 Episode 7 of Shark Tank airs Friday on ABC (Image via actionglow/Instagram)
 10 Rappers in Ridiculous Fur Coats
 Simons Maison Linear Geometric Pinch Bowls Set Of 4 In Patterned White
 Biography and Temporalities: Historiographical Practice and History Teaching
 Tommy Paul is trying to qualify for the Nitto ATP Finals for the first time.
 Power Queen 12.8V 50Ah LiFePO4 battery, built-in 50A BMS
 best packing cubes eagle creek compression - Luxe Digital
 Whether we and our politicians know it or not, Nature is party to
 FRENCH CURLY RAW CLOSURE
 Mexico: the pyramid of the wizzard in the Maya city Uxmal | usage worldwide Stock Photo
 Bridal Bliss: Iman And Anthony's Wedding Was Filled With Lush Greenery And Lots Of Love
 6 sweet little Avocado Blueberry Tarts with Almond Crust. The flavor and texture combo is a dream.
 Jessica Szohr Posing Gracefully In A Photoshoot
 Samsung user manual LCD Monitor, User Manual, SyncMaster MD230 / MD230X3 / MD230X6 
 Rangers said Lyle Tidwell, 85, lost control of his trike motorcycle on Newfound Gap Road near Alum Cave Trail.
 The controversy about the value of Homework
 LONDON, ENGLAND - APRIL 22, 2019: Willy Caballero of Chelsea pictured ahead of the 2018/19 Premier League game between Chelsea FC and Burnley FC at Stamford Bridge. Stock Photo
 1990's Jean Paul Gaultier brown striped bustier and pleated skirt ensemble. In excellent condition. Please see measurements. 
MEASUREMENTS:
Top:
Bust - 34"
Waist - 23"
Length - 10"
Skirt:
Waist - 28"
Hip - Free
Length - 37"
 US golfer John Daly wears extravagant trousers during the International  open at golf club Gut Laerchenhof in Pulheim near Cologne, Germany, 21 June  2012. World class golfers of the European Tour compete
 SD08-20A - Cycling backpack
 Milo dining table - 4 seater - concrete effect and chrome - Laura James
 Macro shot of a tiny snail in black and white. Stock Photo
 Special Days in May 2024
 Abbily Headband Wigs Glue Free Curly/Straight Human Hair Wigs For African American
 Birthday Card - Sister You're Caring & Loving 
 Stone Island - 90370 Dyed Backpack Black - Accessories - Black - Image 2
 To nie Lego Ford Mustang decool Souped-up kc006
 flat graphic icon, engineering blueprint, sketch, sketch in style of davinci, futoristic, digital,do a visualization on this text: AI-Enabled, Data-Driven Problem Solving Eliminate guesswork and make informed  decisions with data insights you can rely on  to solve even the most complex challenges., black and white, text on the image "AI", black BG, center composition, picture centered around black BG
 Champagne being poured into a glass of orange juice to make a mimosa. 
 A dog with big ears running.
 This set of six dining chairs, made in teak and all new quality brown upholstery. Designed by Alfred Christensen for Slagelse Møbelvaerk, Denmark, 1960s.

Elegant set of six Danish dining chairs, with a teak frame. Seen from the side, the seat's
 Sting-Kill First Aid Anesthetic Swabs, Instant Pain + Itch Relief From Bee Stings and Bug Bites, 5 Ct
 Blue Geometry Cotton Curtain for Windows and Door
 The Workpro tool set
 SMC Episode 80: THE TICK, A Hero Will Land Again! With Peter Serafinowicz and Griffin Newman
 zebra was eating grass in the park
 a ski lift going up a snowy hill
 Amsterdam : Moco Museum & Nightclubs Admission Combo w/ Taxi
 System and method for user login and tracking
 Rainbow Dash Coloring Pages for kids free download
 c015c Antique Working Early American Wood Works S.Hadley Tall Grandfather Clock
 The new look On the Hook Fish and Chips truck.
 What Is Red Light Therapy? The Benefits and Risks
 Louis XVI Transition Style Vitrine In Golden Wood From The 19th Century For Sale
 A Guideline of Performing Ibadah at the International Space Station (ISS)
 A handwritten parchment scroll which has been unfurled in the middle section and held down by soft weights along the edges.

> [GOAL OF THE EXERCISE] Return the data in full, with each line kept exactly as it is.

> [ANSWER TO THE PROBLEM]
 Episode 7 of Shark Tank airs Friday on ABC (Image via actionglow/Instagram)
 10 Rappers in Ridiculous Fur Coats
 Simons Maison Linear Geometric Pinch Bowls Set Of 4 In Patterned White
 Biography and Temporalities: Historiographical Practice and History Teaching
 Tommy Paul is trying to qualify for the Nitto ATP Finals for the first time.
 Power Queen 12.8V 50Ah LiFePO4 battery, built-in 50A BMS
 best packing cubes eagle creek compression - Luxe Digital
 Whether we and our politicians know it or not, Nature is party to
 FRENCH CURLY RAW CLOSURE
 Mexico: the pyramid of the wizzard in the Maya city Uxmal | usage worldwide Stock Photo
 Bridal Bliss: Iman And Anthony's Wedding Was Filled With Lush Greenery And Lots Of Love
 6 sweet little Avocado Blueberry Tarts with Almond Crust. The flavor and texture combo is a dream.
 Jessica Szohr Posing Gracefully In A Photoshoot
 Samsung user manual LCD Monitor, User Manual, SyncMaster MD230 / MD230X3 / MD230X6 
 Rangers said Lyle Tidwell, 85, lost control of his trike motorcycle on Newfound Gap Road near Alum Cave Trail.
 The controversy about the value of Homework
 LONDON, ENGLAND - APRIL 22, 2019: Willy Caballero of Chelsea pictured ahead of the 2018/19 Premier League game between Chelsea FC and Burnley FC at Stamford Bridge. Stock Photo
 1990's Jean Paul Gaultier brown striped bustier and pleated skirt ensemble. In excellent condition. Please see measurements. 
MEASUREMENTS:
Top:
Bust - 34"
Waist - 23"
Length - 10"
Skirt:
Waist - 28"
Hip - Free
Length - 37"
 US golfer John Daly wears extravagant trousers during the International  open at golf club Gut Laerchenhof in Pulheim near Cologne, Germany, 21 June  2012. World class golfers of the European Tour compete
 SD08-20A - Cycling backpack
 Milo dining table - 4 seater - concrete effect and chrome - Laura James
 Macro shot of a tiny snail in black and white. Stock Photo
 Special Days in May 2024
 Abbily Headband Wigs Glue Free Curly/Straight Human Hair Wigs For African American
 Birthday Card - Sister You're Caring & Loving 
 Stone Island - 90370 Dyed Backpack Black - Accessories - Black - Image 2
 To nie Lego Ford Mustang decool Souped-up kc006
 flat graphic icon, engineering blueprint, sketch, sketch in style of davinci, futoristic, digital,do a visualization on this text: AI-Enabled, Data-Driven Problem Solving Eliminate guesswork and make informed  decisions with data insights you can rely on  to solve even the most complex challenges., black and white, text on the image "AI", black BG, center composition, picture centered around black BG
 Champagne being poured into a glass of orange juice to make a mimosa. 
 A dog with big ears running.
 This set of six dining chairs, made in teak and all new quality brown upholstery. Designed by Alfred Christensen for Slagelse Møbelvaerk, Denmark, 1960s.

Elegant set of six Danish dining chairs, with a teak frame. Seen from the side, the seat's
 Sting-Kill First Aid Anesthetic Swabs, Instant Pain + Itch Relief From Bee Stings and Bug Bites, 5 Ct
 Blue Geometry Cotton Curtain for Windows and Door
 The Workpro tool set
 SMC Episode 80: THE TICK, A Hero Will Land Again! With Peter Serafinowicz and Griffin Newman
 zebra was eating grass in the park
 a ski lift going up a snowy hill
 Amsterdam : Moco Museum & Nightclubs Admission Combo w/ Taxi
 System and method for user login and tracking
 Rainbow Dash Coloring Pages for kids free download
 c015c Antique Working Early American Wood Works S.Hadley Tall Grandfather Clock
 The new look On the Hook Fish and Chips truck.
 What Is Red Light Therapy? The Benefits and Risks
 Louis XVI Transition Style Vitrine In Golden Wood From The 19th Century For Sale
 A Guideline of Performing Ibadah at the International Space Station (ISS)
 A handwritten parchment scroll which has been unfurled in the middle section and held down by soft weights along the edges.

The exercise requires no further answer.